Van Wyk said being reprimanded or even fired is a far more likely punishment than having your employer call in law enforcement. But that largely depends on how often you snooped, what you did with the information and how you accessed the e-mails or instant messages.
"When you do it once, it is criminal, but the question is whether that warrants prosecution by the government," said Mauro Wolfe, a partner at the Dickstein Shapiro law firm. "I can't even imagine a case where a local prosecutor would want to take that on. The Mendte case shows that when you do it 537 times and in a public way and when you try to destroy someone, you're going to be prosecuted. When you try to harm someone and humiliate them publicly, that takes it to another level."
Employers, however, mostly have the legal right to read workers' e-mail and IMs. If it's the employer's system, equipment and time, then the communications are under their domain as well. "They inform employees that only professional use is permitted and they have the right to monitor what goes on with e-mail traffic and web surfing," said Christie, who leads the information technology group at the McCarter & English law firm, where he is a partner. "There's no reasonable expectation of privacy."
And when it comes to co-workers taking their curiosity or bad intentions too far, Christie said it comes down to intentional access.
He explained that if an e-mail is on someone's computer screen and you walk by and see it, you have not intentionally accessed that e-mail. However, if you are looking at a blank screen or screen saver and you press keys or move a mouse to access e-mail, then you have intentionally accessed it. Doing something affirmative is the dividing line between a possible slap on the wrist from your boss or dismissal and possible criminal charges.
"The totality of the conduct makes it a more serious offense," said Christie. "If someone is actually breaking in, by bypassing a password, if it was done in an effort to commit another crime, like identity theft, that would certainly make it a felony and something law enforcement would certainly take much more seriously."
Both Christie and van Wyk said it would be more tempting for someone in IT to break into a co-worker's e-mail because their level of access would make it so much easier. And while Christie said he'd expect IT workers to be under greater scrutiny, van Wyk said that's largely not the case at all.

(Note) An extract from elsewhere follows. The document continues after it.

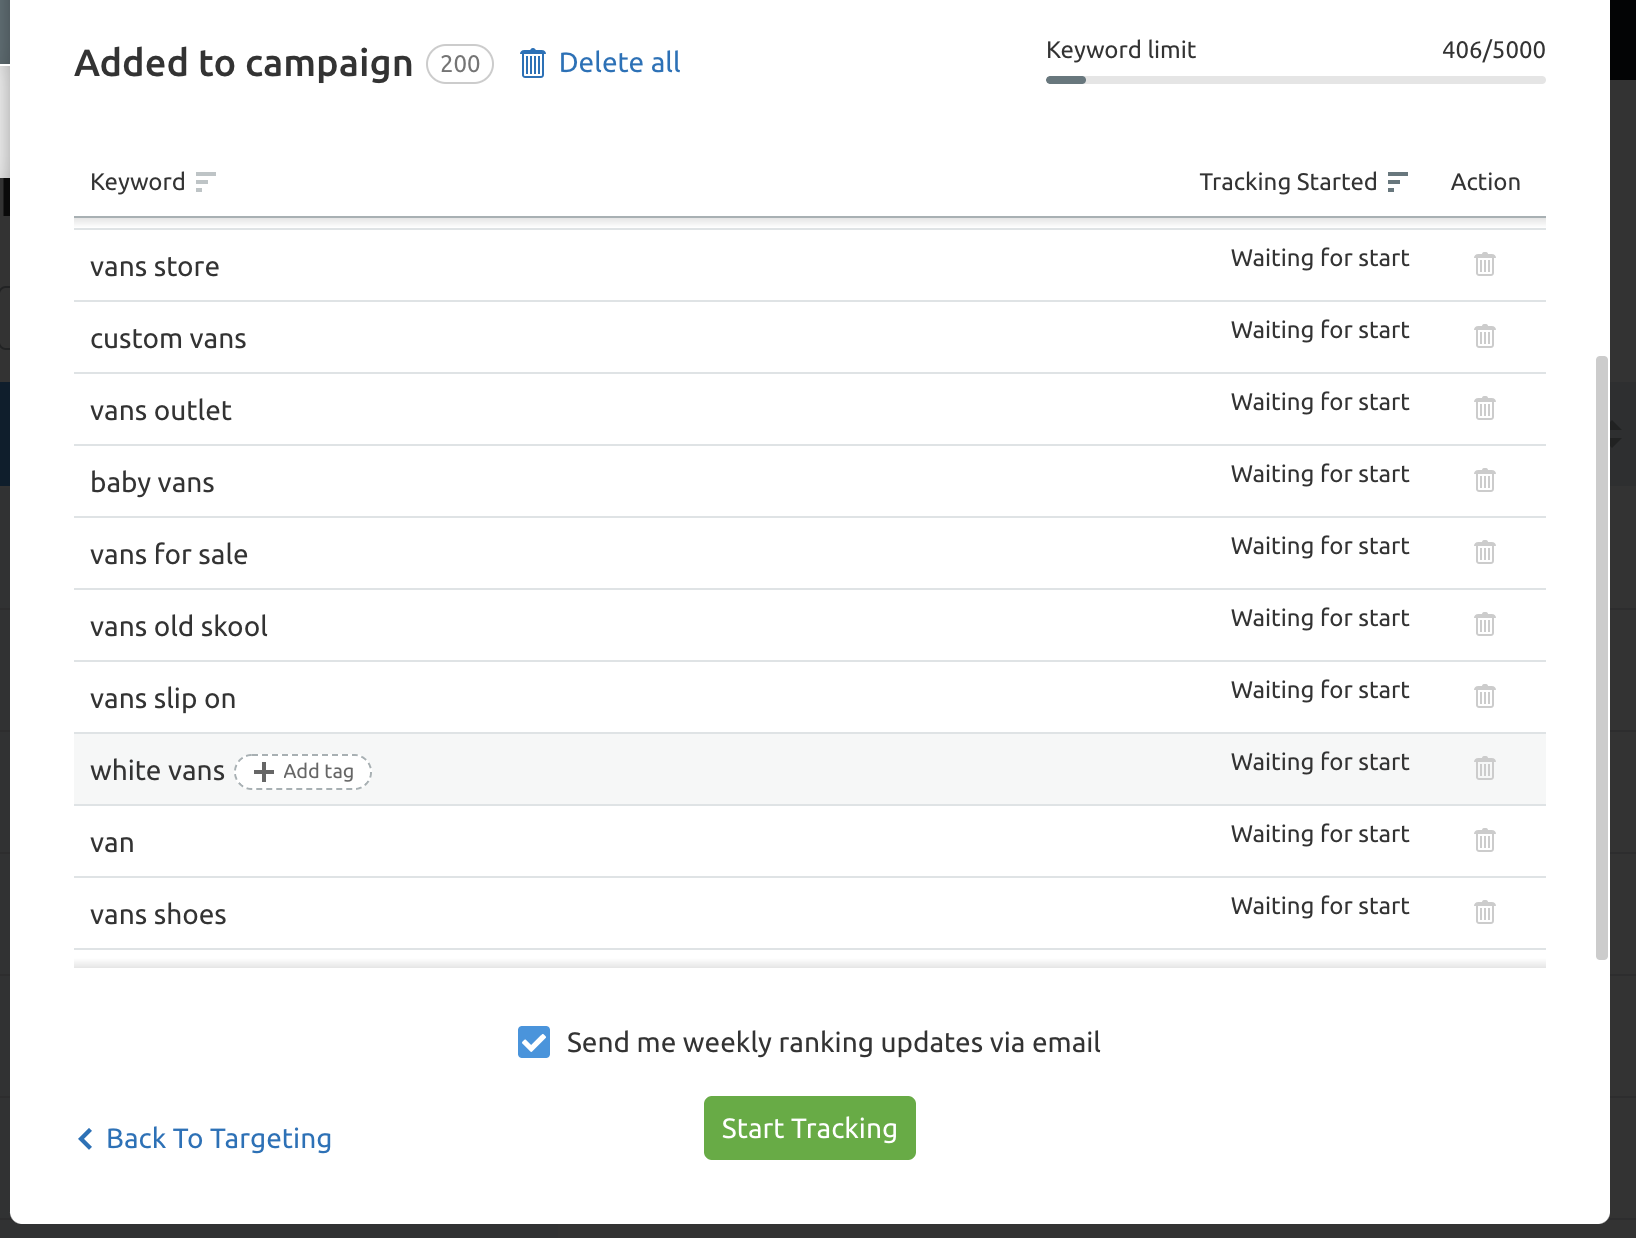 Adding keywords to Position Tracking campaign

"Watching the watcher is a classic problem that is not trivially solved," said van Wyk. "I think IT needs to have policies that speak to abuse of power. Too often those policies are left unarticulated. Like, you may use admin privileges to run the system but not to read users' data. You may back the data up in your job function, but you may not read it without express permission from its owner. That sort of thing."
Christie said companies need to be more vigilant about keeping an eye on employees' communications and who might be accessing areas they shouldn't be. IT should be tightening security, making sure there are set policies and that employees are well educated about what's allowed and what is not. And, he added, companies need to step up and investigate when it's warranted.